We will use the following additional libraries:
- TorchX (To run training jobs)

We'll tune the following parameters to find a good trade off between model performance and model size:
- batch_size
- embedding_dim
- num_heads
- num_encoders
- learning_rate
- epochs

The training will be carried out using [pizza_steak_sushi.py](./pizza_steak_sushi.py) training script. Here is an example to train a model using this script:
```
python pizza_steak_sushi.py --log_path 'logs/0' --batch_size 2 --embedding_dim 128 --num_heads 2 --num_encoders 2 --learning_rate 0.001 --epochs 2 --subset_size 10
```

Requirements for execution on cloud:
- [] Update TOTAL_TRIALS at [Choose a Generation Strategy](#7-choose-a-generation-strategy)

Cleanup:
- Move GitHub file download code to toolbox

# 1. Prepare Environment

## 1.1. Install Packages

In [25]:
try:
    import torchx
    import torcheval
except:
    print('Installing torchx, torcheval and ax-plaform')
    ! pip install torchx ax-platform torcheval 1>/dev/null

## 1.2. Download Dependencies

In [2]:
from pathlib import Path

remote_files = {
    'pizza_steak_sushi.py': 'https://raw.githubusercontent.com/NareshPS/doi-ml/main/torch/projects/pizza_steak_sushi/pizza_steak_sushi.py',
}

for name, remote_path in remote_files.items():
    if Path(name).exists():
        print(f'File: {name} exists. Skipping Download')
    else:
        ! wget {remote_path}

! ls *.py

File: pizza_steak_sushi.py exists. Skipping Download
pizza_steak_sushi.py


## 1.3. Download Toolbox

In [19]:
toolbox_path = 'toolbox'

if not Path(toolbox_path).exists():
    print(f'Downloading toolbox at {toolbox_path}')
    ! git clone https://github.com/NareshPS/doi-ml-toolbox.git
    ! mv doi-ml-toolbox/torch/toolbox .
    ! rm -rf doi-ml-toolbox
else:
    print(f'Toolbox already exists at {toolbox_path}')

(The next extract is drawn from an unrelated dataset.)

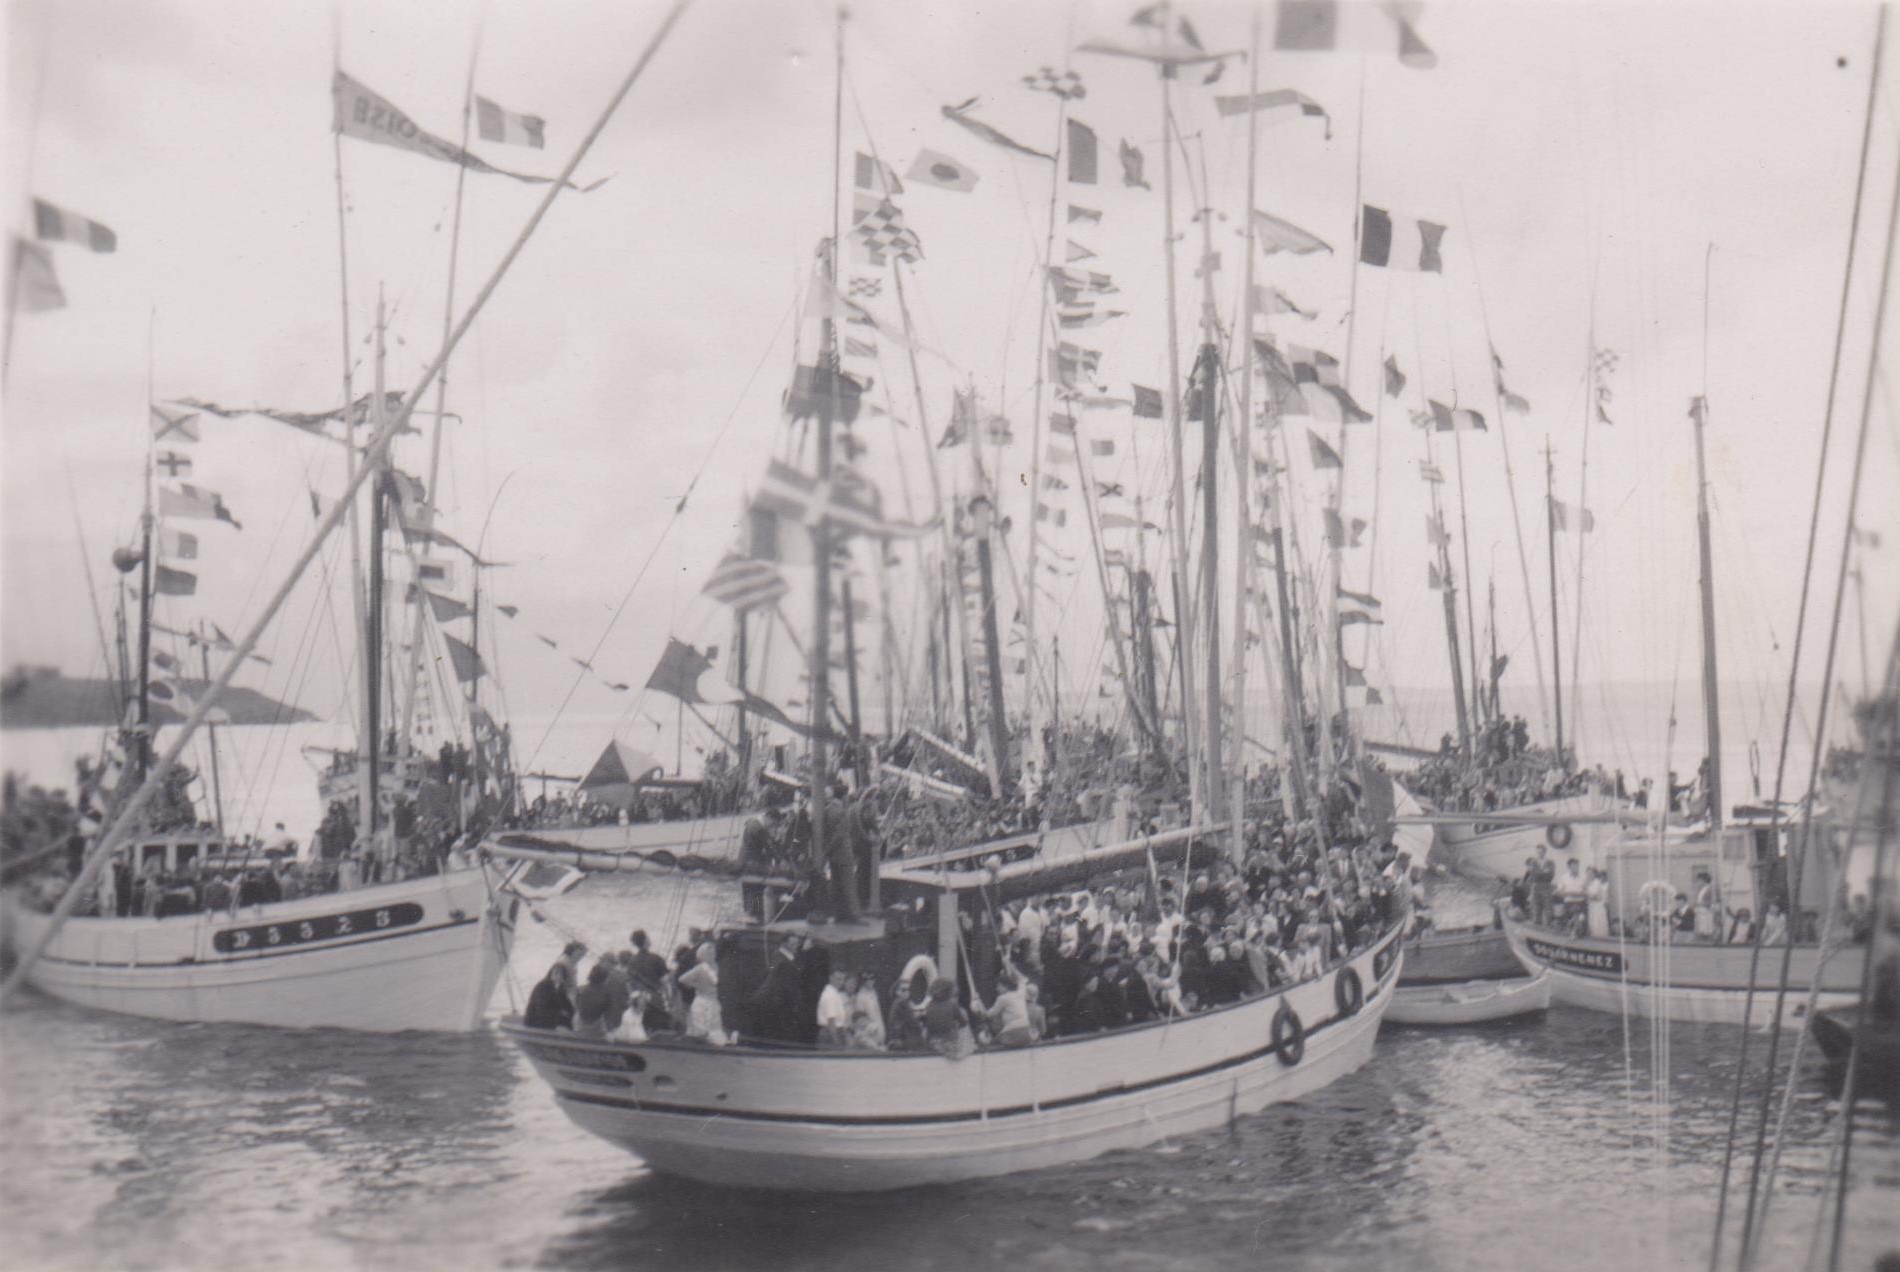 Source : Collection Bernard Gourlaouen - Bénédiction de la mer en Juillet 1950 : à gauche, le malamok "Petite Françoise", DZ 3375
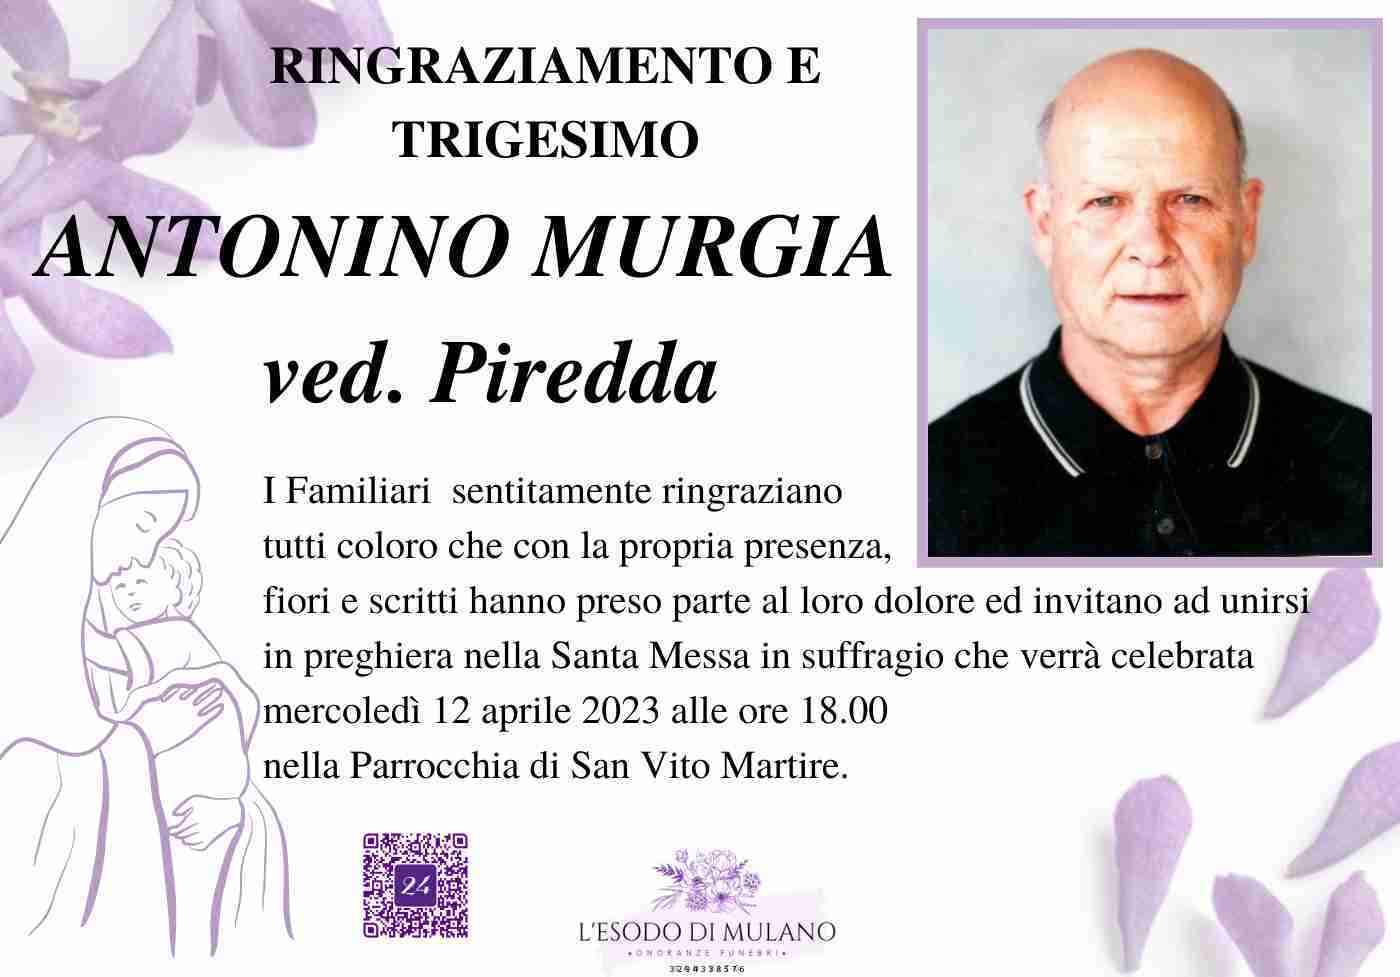 Antonino Murgia

Toolbox already exists at toolbox


# 1. Define a TorchX AppDef

 We'll define a TorchX AppDef which configures the parameters to the training script.

In [3]:
import torchx

from torchx import specs
from torchx.components import utils
from pathlib import Path

def trainer(
    log_path: str,
    batch_size: int,
    embedding_dim: int,
    num_heads: int,
    num_encoders: int,
    learning_rate: float,
    epochs: int,
    trial_idx: int = -1
) -> specs.AppDef:

    # 1. Configure the location of log files
    if trial_idx >= 0:
        log_path = (Path(log_path) / str(trial_idx)).absolute().as_posix()

    # 2. Define configuration arguments for the training script
    return utils.python(
        '--log_path', log_path,
        '--batch_size', str(batch_size),
        '--embedding_dim', str(embedding_dim),
        '--num_heads', str(num_heads),
        '--num_encoders', str(num_encoders),
        '--learning_rate', str(learning_rate),
        '--epochs', str(epochs),
        '--subset_size', str(10),
        name = 'trainer',
        script = 'pizza_steak_sushi.py',
        image = torchx.version.TORCHX_IMAGE
    )

# 2. Setup TorchX Runner

It configure the execution environment for torchX AppDef.

In [17]:
import tempfile

from ax.runners.torchx import TorchXRunner

# 1. Make a temporary directory to write logs
log_path = Path('logs')
log_path.mkdir(parents=True, exist_ok=True)

# 2. Initialize TorchX Runner
ax_runner = TorchXRunner(
    tracker_base="/tmp",
    component=trainer,
    scheduler="local_cwd",
    component_const_params={"log_path": log_path},
    cfg={},
)

print(f'Ax Runner: {ax_runner} \nLog Path: {log_path}')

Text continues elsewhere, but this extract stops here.